--- START ---

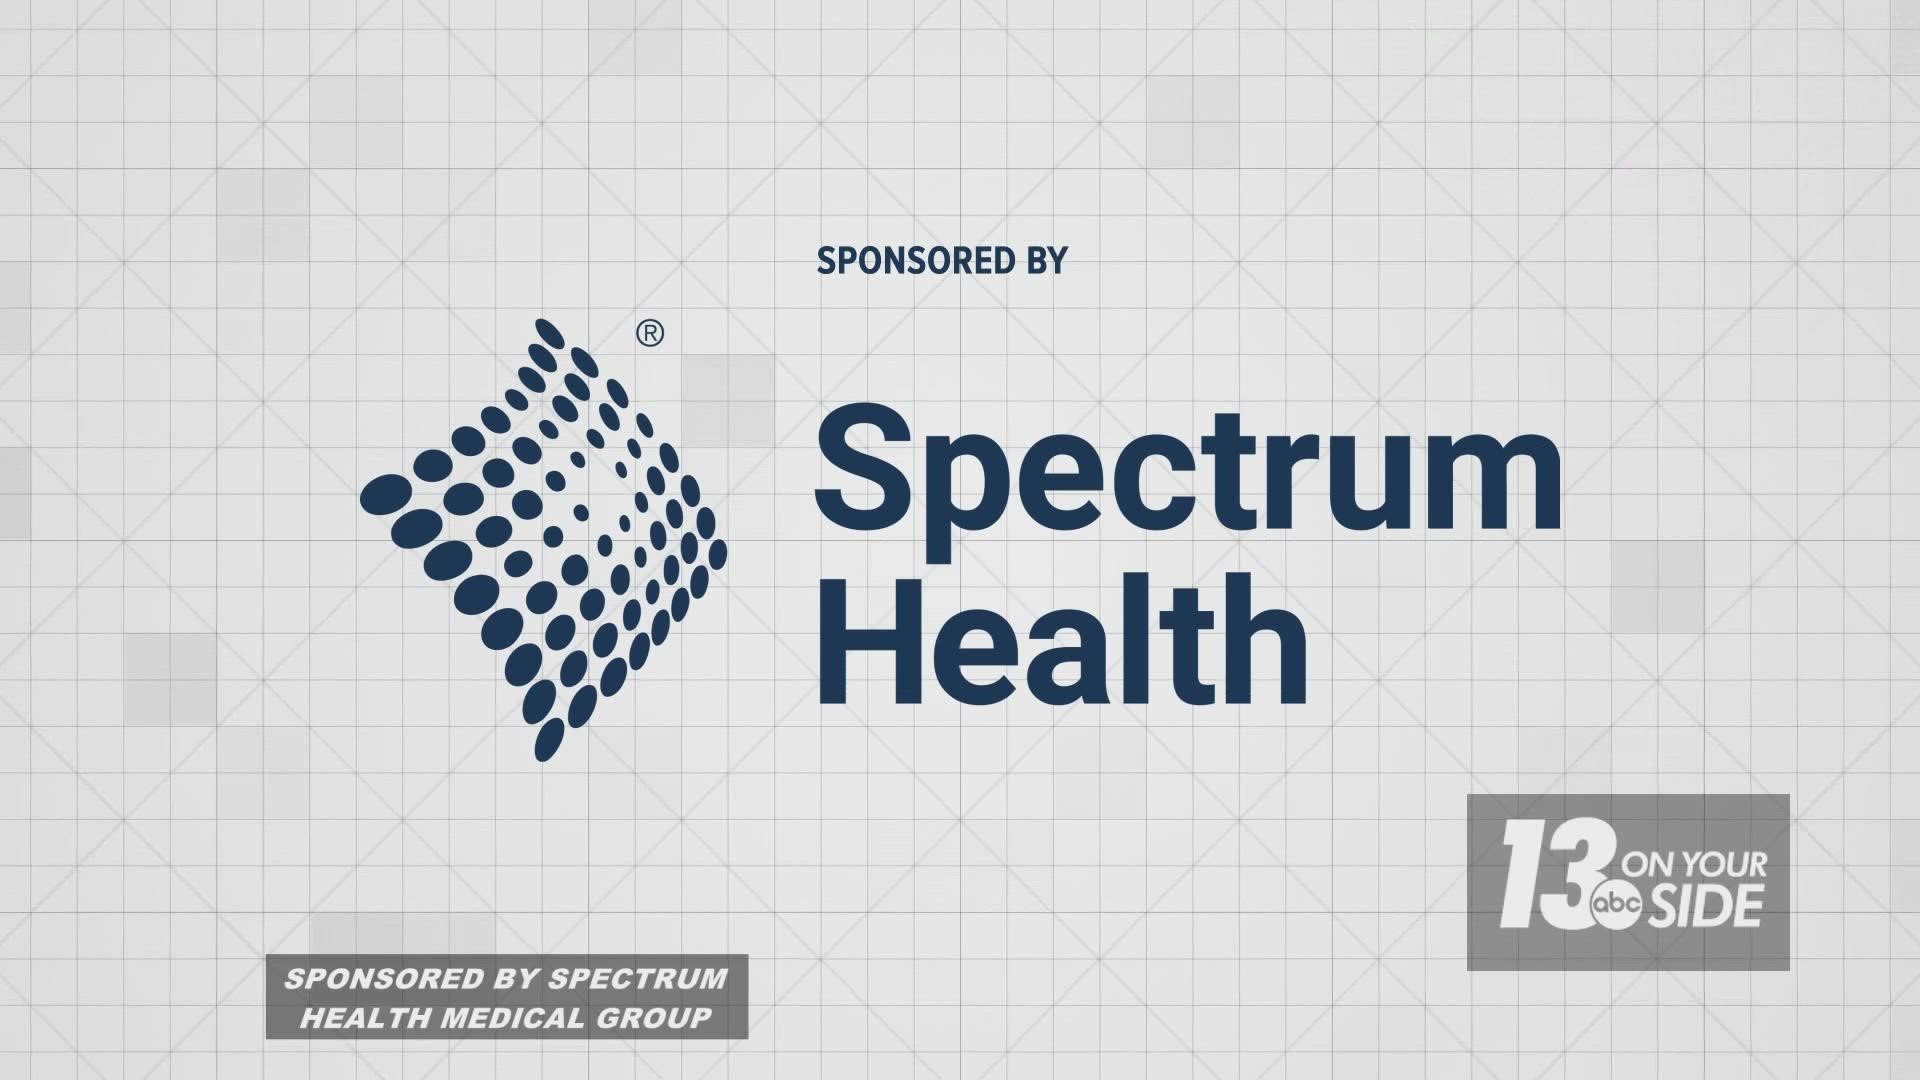 Heather Glenn and Nancy Roberts are prenatal educators at Spectrum Health. They talked about why pre/postnatal support and education are so important.
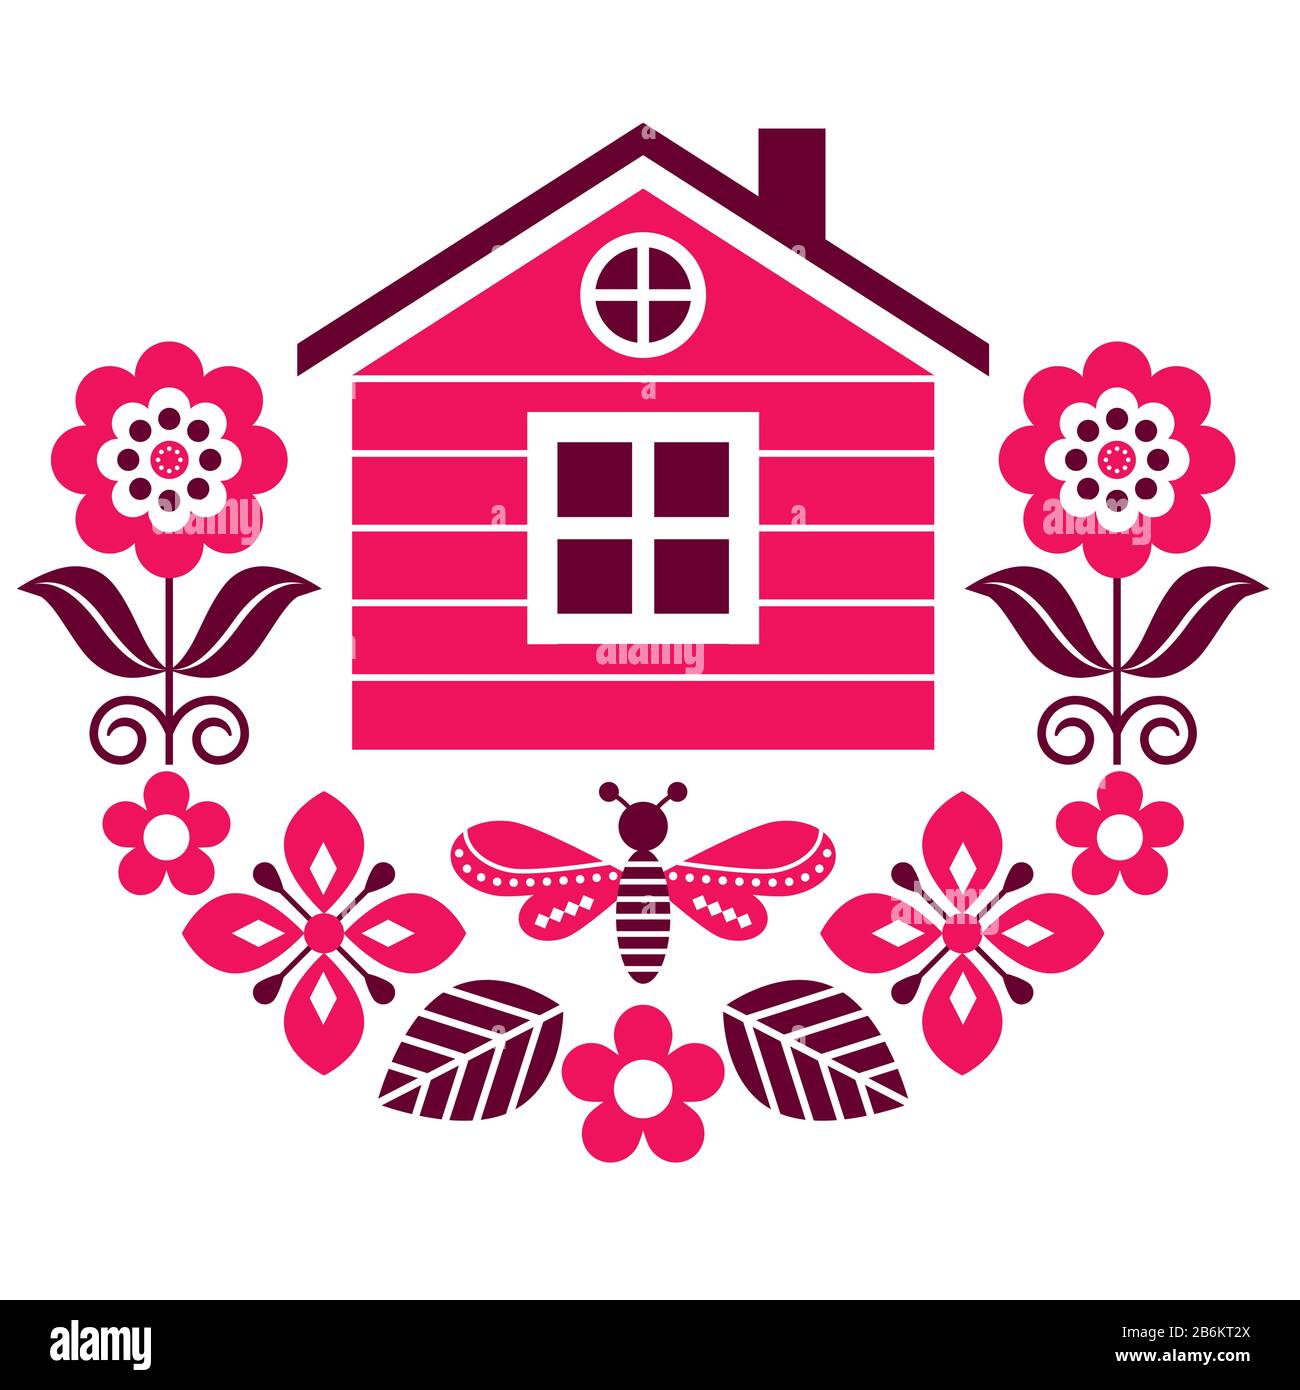 Scandinavian folk art vector cute floral pattern with Finnish or Norwegian house, greeting card with flowers in red and brown Stock Vector
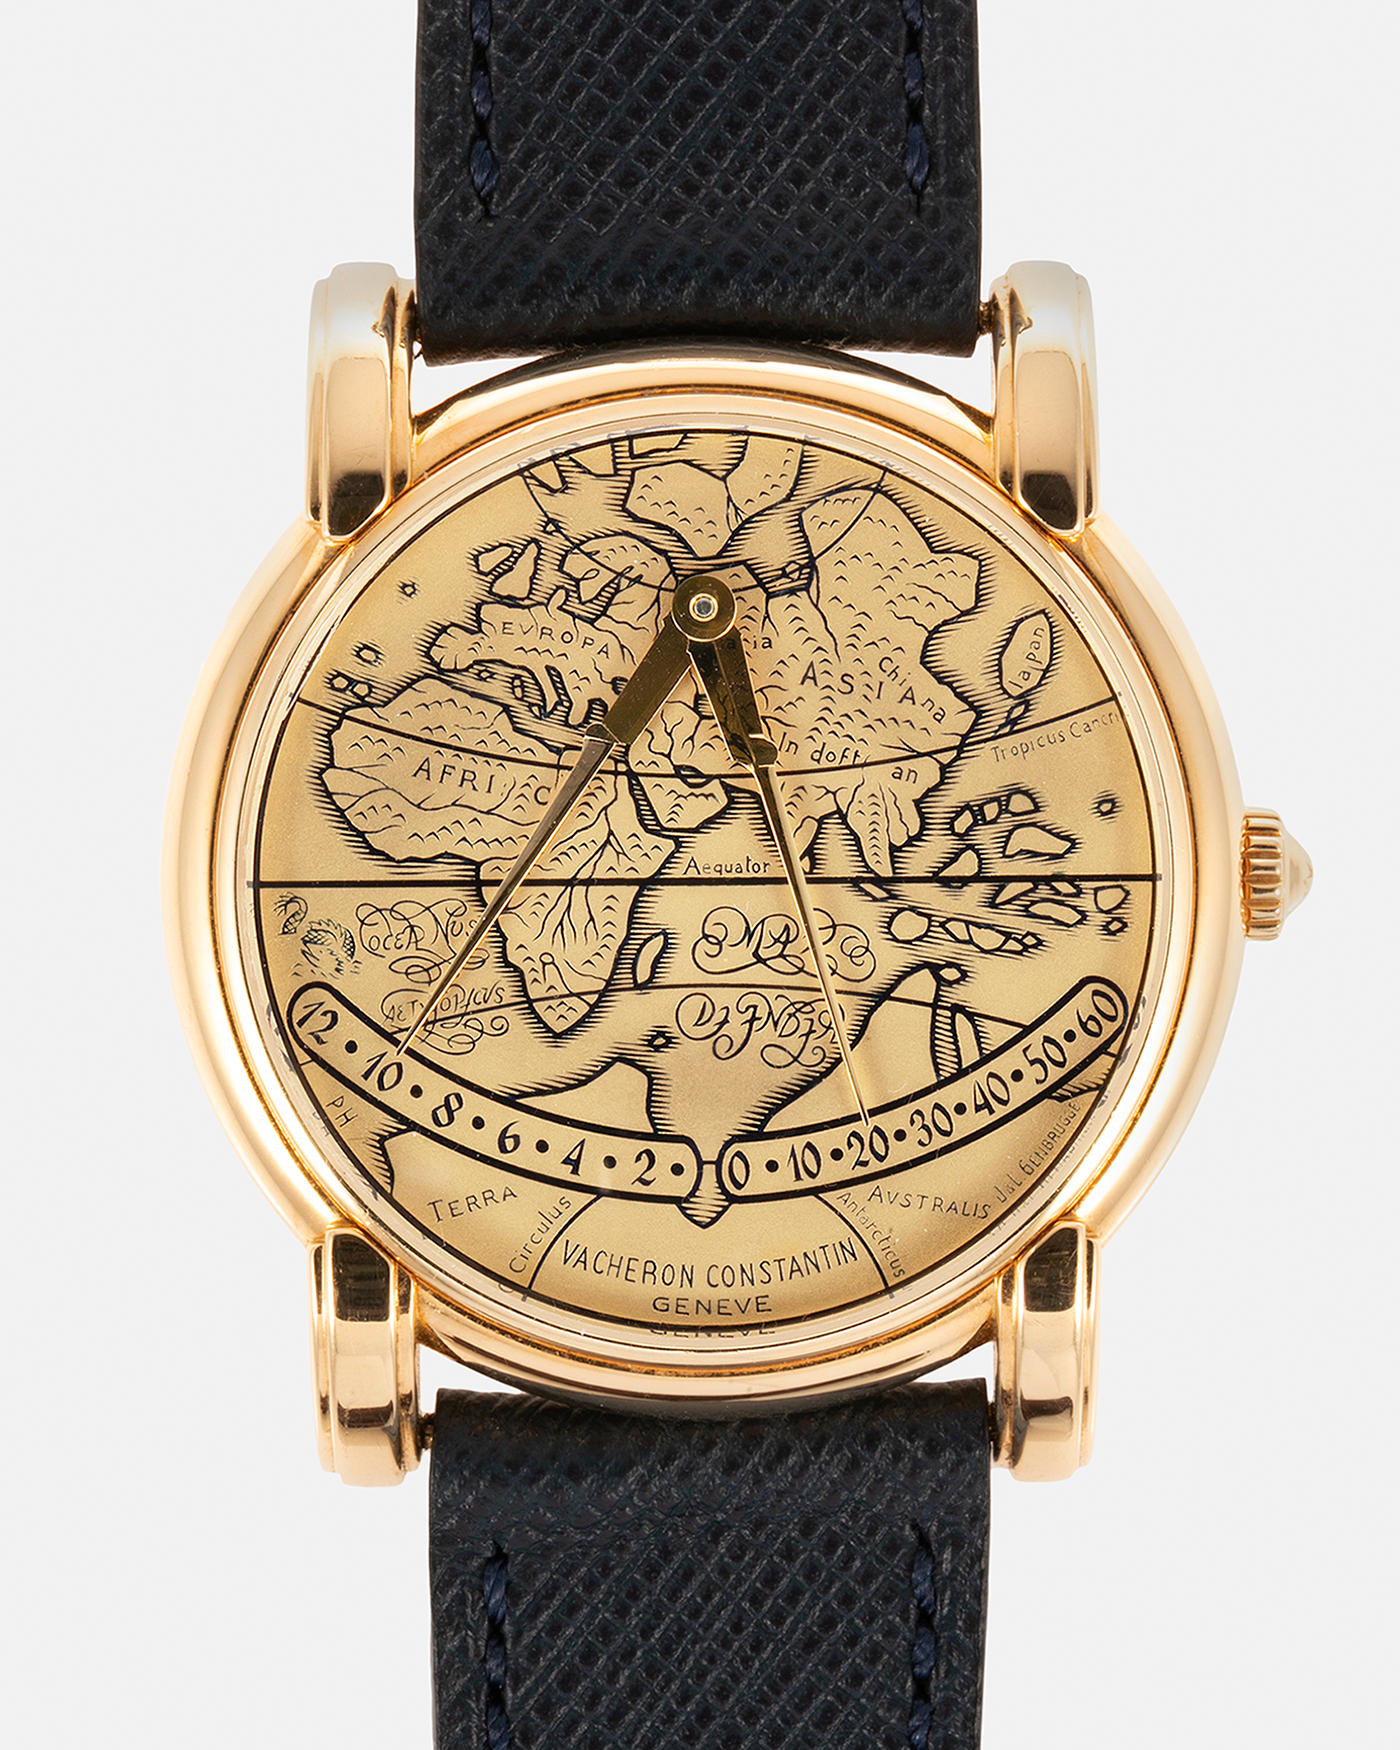 Brand: Vacheron Constantin Year: 1994 Model: Mercator Reference Number: 43050 Material: 18-carat Yellow Gold Case and Engraved Dial filled with Black Enamel Movement: Vacheron Constantin Cal. 1120 M, Self-Winding Case Diameter: 36mm Strap: Molequin Navy Blue Textured Calf Leather Strap with Signed 18-carat Yellow Gold Deployant

--- END ---

● EXERCISE DETAILS
From start to finish, output the listing exactly, but omit its pictures.

● EXERCISE RESULT
 Heather Glenn and Nancy Roberts are prenatal educators at Spectrum Health. They talked about why pre/postnatal support and education are so important.
 Scandinavian folk art vector cute floral pattern with Finnish or Norwegian house, greeting card with flowers in red and brown Stock Vector
 Brand: Vacheron Constantin Year: 1994 Model: Mercator Reference Number: 43050 Material: 18-carat Yellow Gold Case and Engraved Dial filled with Black Enamel Movement: Vacheron Constantin Cal. 1120 M, Self-Winding Case Diameter: 36mm Strap: Molequin Navy Blue Textured Calf Leather Strap with Signed 18-carat Yellow Gold Deployant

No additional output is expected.